= Metaplot =

Form of story-line

The metaplot (also, metastory) is the overarching storyline that binds together events in the official continuity of a published role-playing game campaign setting, also defined as an "evolving history of a given fictional universe". Major official story events that change the world, or simply move important non-player characters from one place to another, are part of the metaplot for a game. Metaplot information is usually included within gaming products such as rule books and modules as they are released. Major events in the metaplot are often used to explain changes in the rules in between versions of the games, as was the case with the Time of Judgment in White Wolf's World of Darkness and the Time of Troubles and the Sundering for TSR's/Wizards of the Coast's Forgotten Realms. Because of events like this, many gaming groups choose to ignore the metaplot for a game entirely.

Metaplot is often developed not just by the writers, but by teams - multiple writers, editors, publishers, graphic designers and even players. The concept is related to more than just role-playing sourcebooks, as much of the metaplot can come from other media, such as novels (for example, The Legend of Drizzt or the Dragonlance novels, representative of numerous Dungeons & Dragons fiction). For the Forgotten Realms this was the case only after its inception, while it was part of the design from the start for the Dark Sun setting.
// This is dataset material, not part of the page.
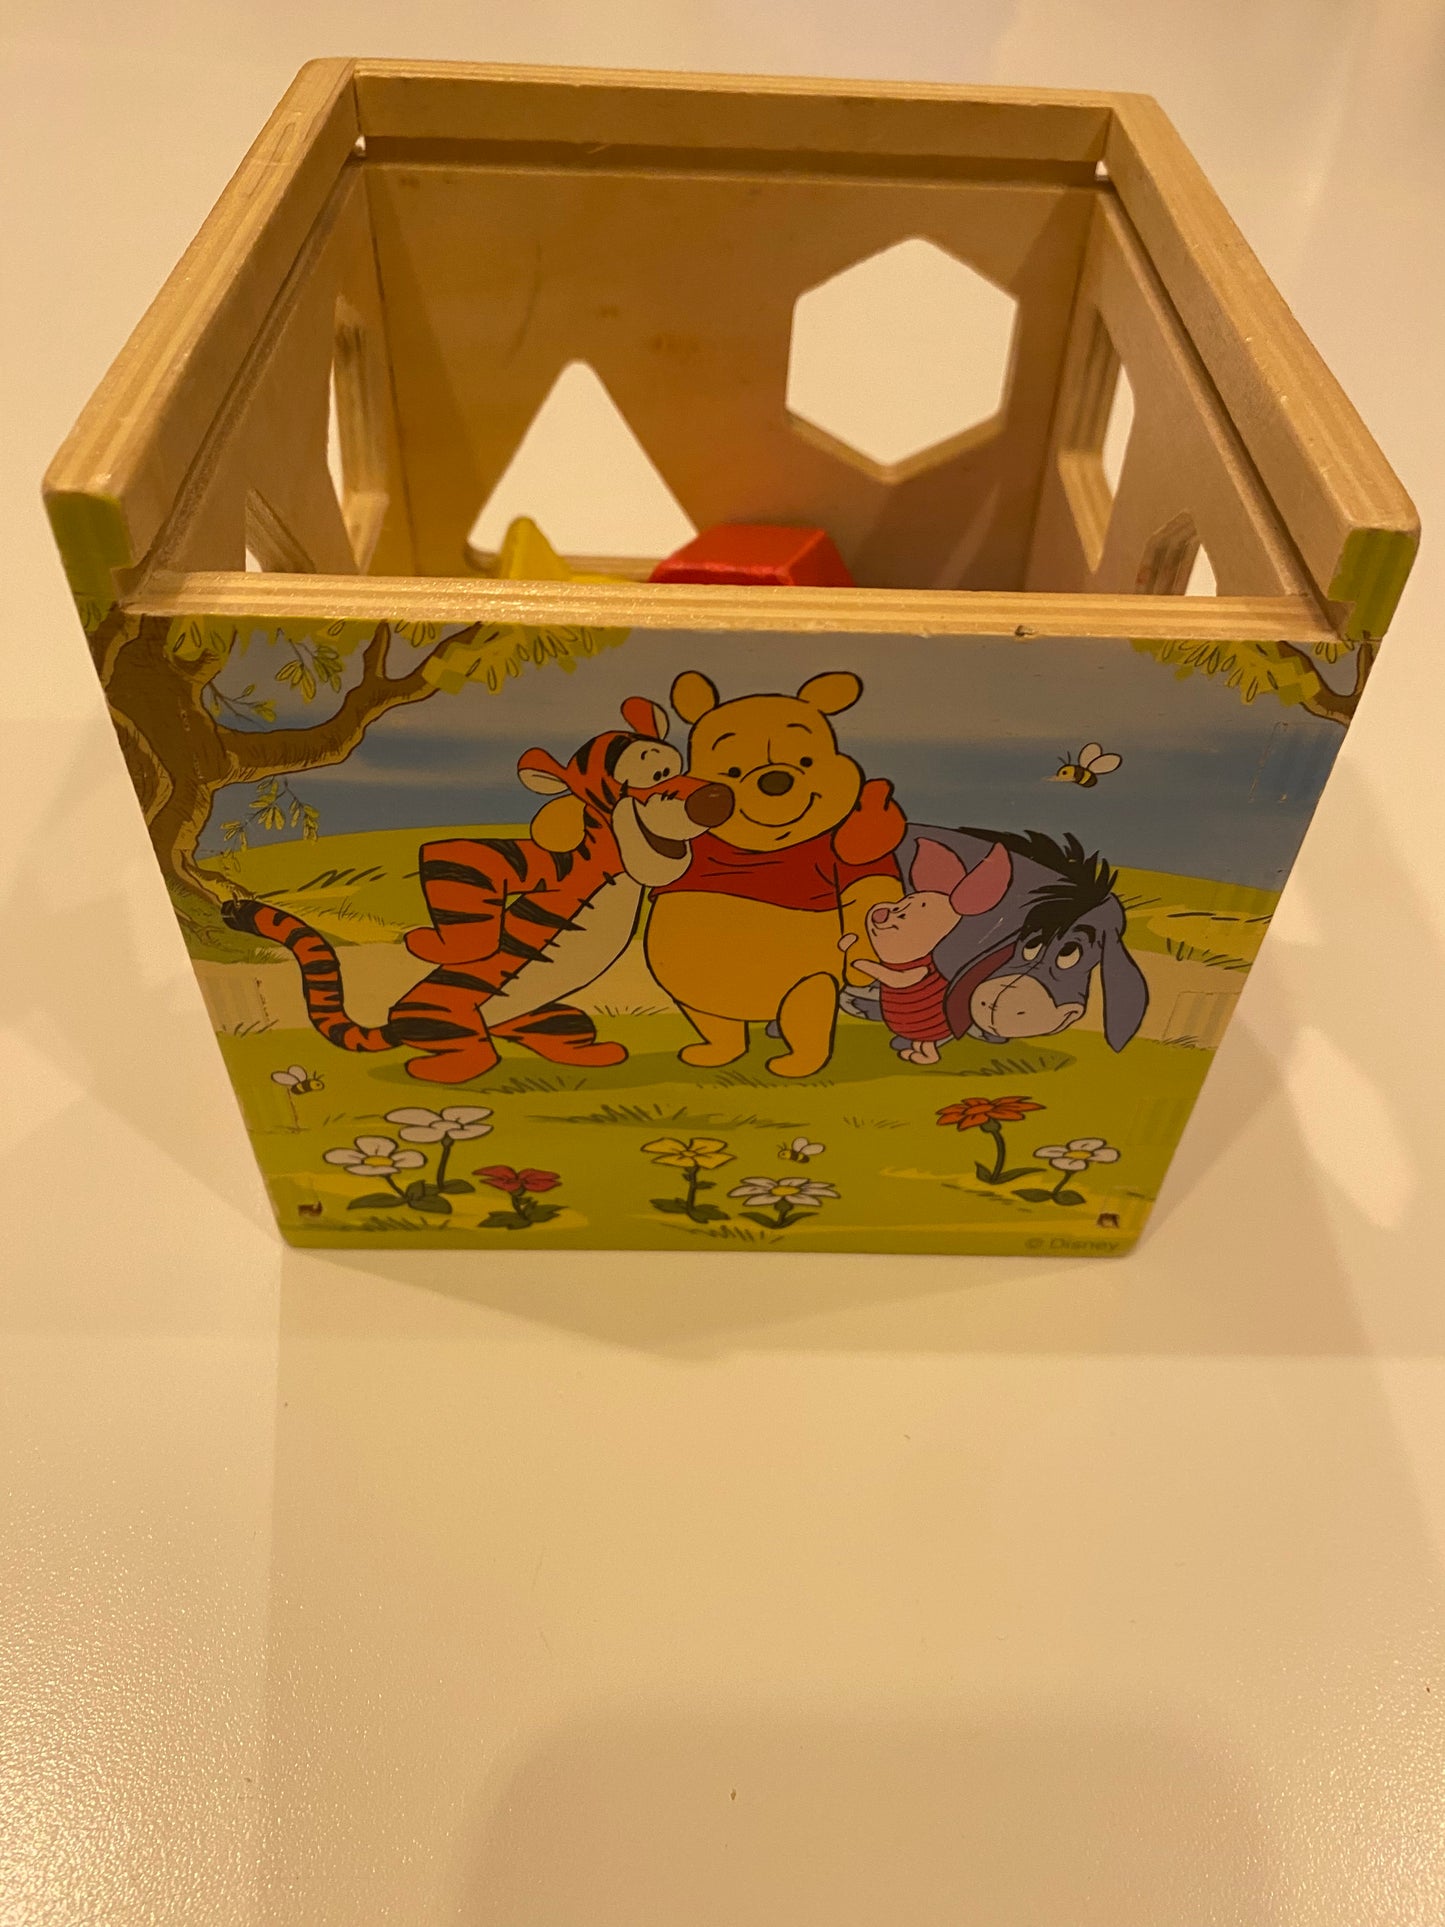 Melissa & Doug Winnie the Pooh Wooden Shape Sorting Cube & wooden shapes.

For campaign settings based on movies, TV shows or other pieces of fiction, the plot of those works usually functions as the metaplot, while for historical settings history itself may fill this role.

Metaplot appears in settings of various genres like The Dark Eye, Deadlands, Dragonlance, Fading Suns, Legend of the Five Rings, and Shadowrun.

==Reception==
The metaplot is meant to "give the players a sense of immersion in a large and complex world as well as an aesthetic appreciation of the story they were witnessing" whenever their characters come into contact with it. The narrative tool of metaplot has been criticised for shifting the focus away from the player characters and making them "marginal rather than central figures".

Role-playing game designer Jasmin Neitzel commented that metaplot could facilitate constructive interaction of players with a game setting within and beyond individual gaming groups, but could be a hindrance in getting beyond harmful stereotypes used in past products.

Olaf Pajączkowski notes that the metaplot constraints reduce the freedom of writers, who have to respect the history and present events in the universe (as many books are set in the present), and they cannot "break the world". Pajączkowski gives an example of Elaine Cunningham's novel Reclamation which was cancelled because the metaplot evolved changing the world (a 100-year jump) making her book 'obsolete', and the publisher decided it's not worth finishing as it was no longer set in the "present" of the evolving Forgotten Realms universe.